Community fundraiser for memorial 150 years on from fishing disaster

The only permanent memorial of the 1875 fishing disaster is hundreds of miles away in Norfolk.

A Fife fishing community is raising £30,000 to build a memorial garden commemorating the worst fishing disaster to ever hit the Kingdom.

Some 37 men from the close-knit fishing villages of the East Neuk all died when a storm hit off the Norfolk coast in the 19th century.

Around 80 Fife boats had spent months following the East Anglian herring season. But three from St Monans and two from Cellardyke never returned.

Mary Henderson from St Monans Heritage Centre told STV News: “You can just imagine how awful it was for the wives, children and parents, waiting at the harbour, looking out to see if these boats were anywhere, waiting for a telegram to arrive and…nothing.

“They were all related to each other – there were brothers, uncles, son-in-laws. The entire community was affected in one way or another.”

The only permanent memorial marking the disaster is hundreds of miles south in Norfolk, where eight of the men are buried.

The community in St Monans is hoping to build a permanent memorial in the 150th anniversary year of the disasterFife Architects via Supplied

Four of James Paterson’s ancestors died in the tragedy. He told STV News: “My great-great grandad was the skipper of the Beautiful Star.

“It’s really emotional. It would be fantastic, and we’re really hoping that everything goes ahead. We want to help as much as we can.”

Hugh Wallace, a member of the St Monans Memorial Garden Committee, said: “These were families that were known, people would have been in each other’s homes, and this would have changed everything for them.

“We want to have this place so that people who are coming as visitors, as well as people in the community, can remember and always be grateful for those who gave their lives…just as there is in King’s Lynn where the accident took place.”
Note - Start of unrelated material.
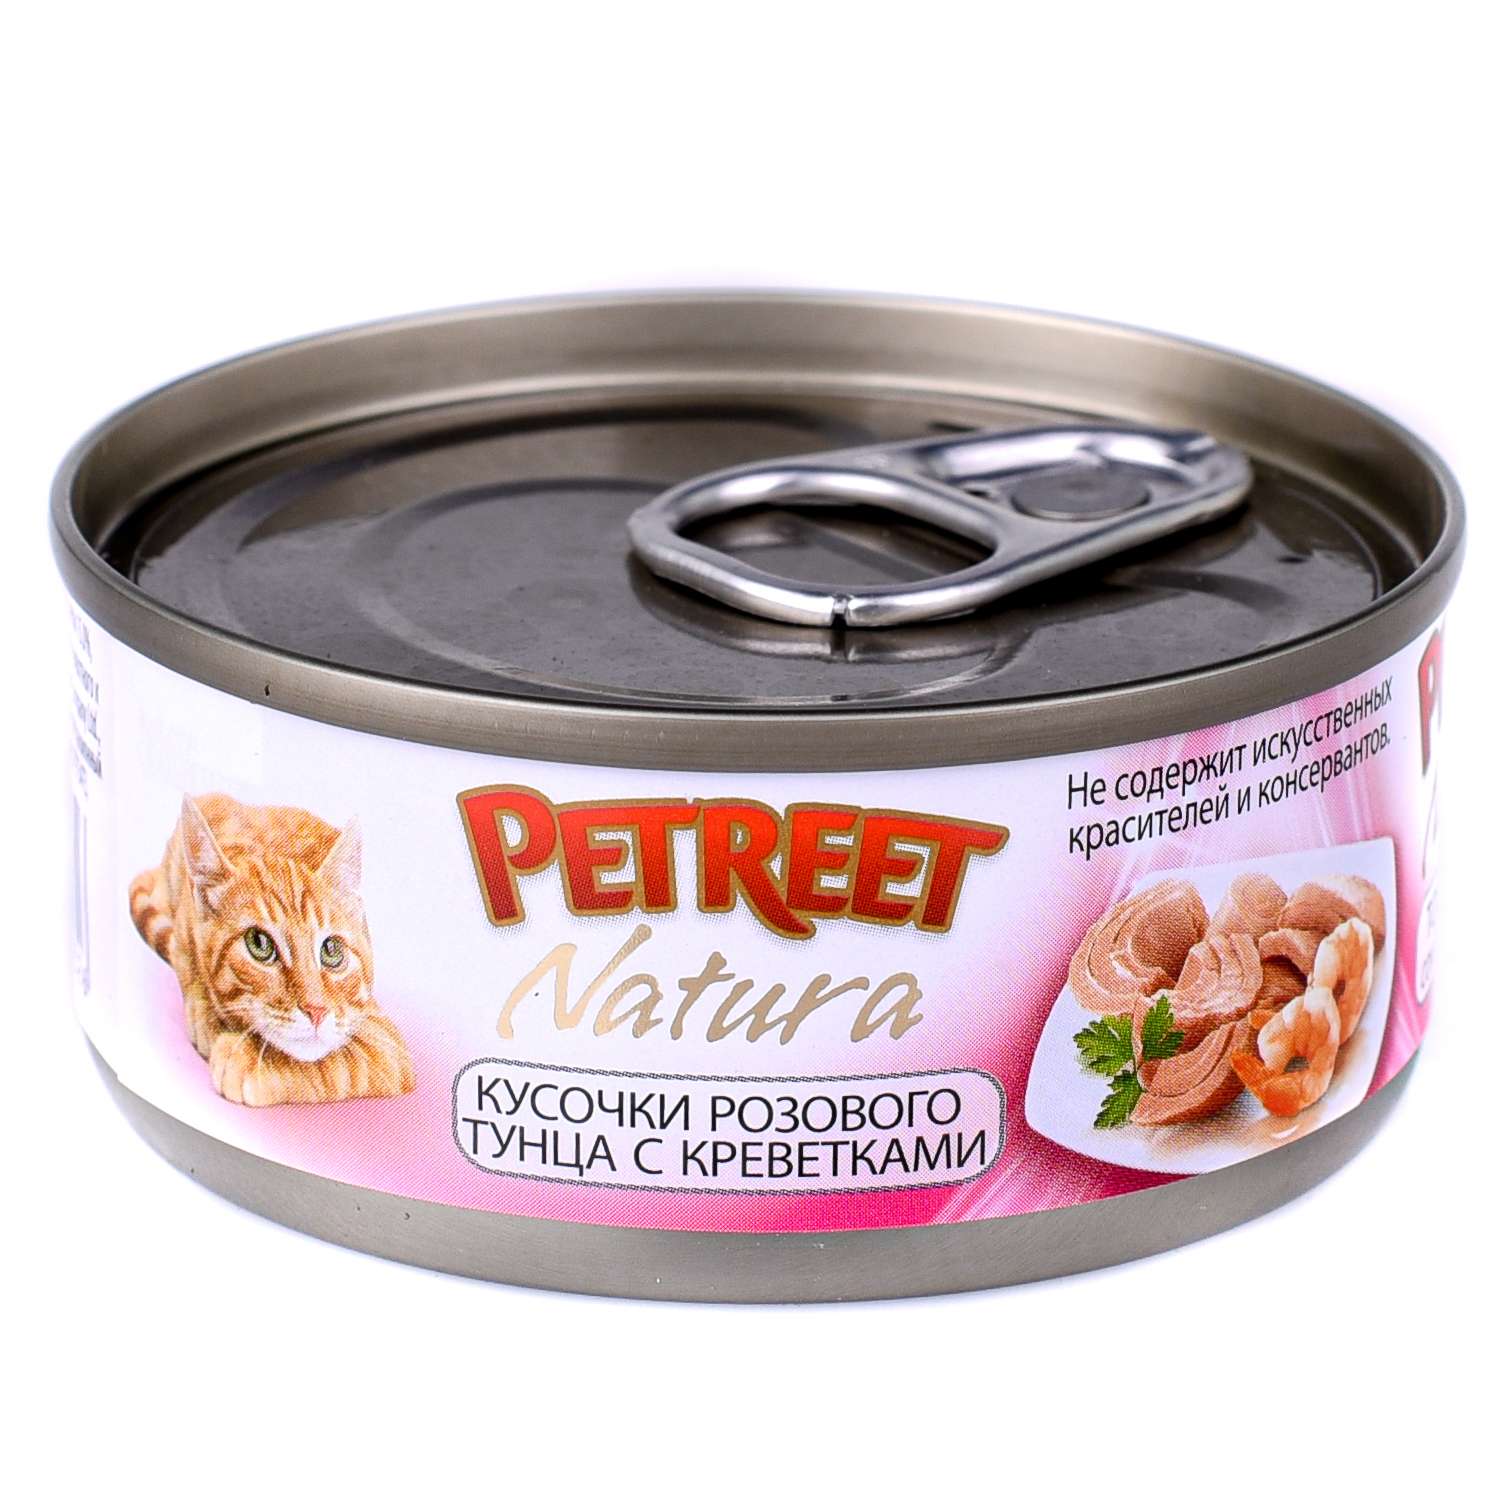 Корм влажный для кошек Petreet 70г кусочки розового тунца с креветками консервированный - фото 2

Hugh Wallace is part of a group fundraising for a permanent memorial garden in St Monans. STV News

‘We have not forgotten’

As devastating as the disaster was for Fife, it also had a profound impact on the fishing communities of Norfolk.

A memorial, in the shape of the “Beautiful Star” boat, was erected in the town of King’s Lynn, where eight of the fishermen are buried.

The 'Beautiful Star' memorial lies in the Hardwick Road Cemetery in the English town of King's Lynn.STV News

The memorial was paid for by public subscription and records detail how people lined the streets for the funerals of men they treated as their own.

“The whole town turned out, the grief was deeply felt,” said local historian Dr Paul Richards

Representatives from King’s Lynn are to be invited to Scotland for an opening ceremony if the memorial garden can be built in time for the 150th anniversary in November.

Local historian Dr Paul Richards told STV News that people lined the streets for the Fife fishermen's funerals.STV News

Dr Richards said: “That community response I know was much appreciated in Fife but the people of King’s Lynn are very proud that they were able to help and to show respect and to honour their fisherfolk.

“We have not forgotten and we hope to be together in November.”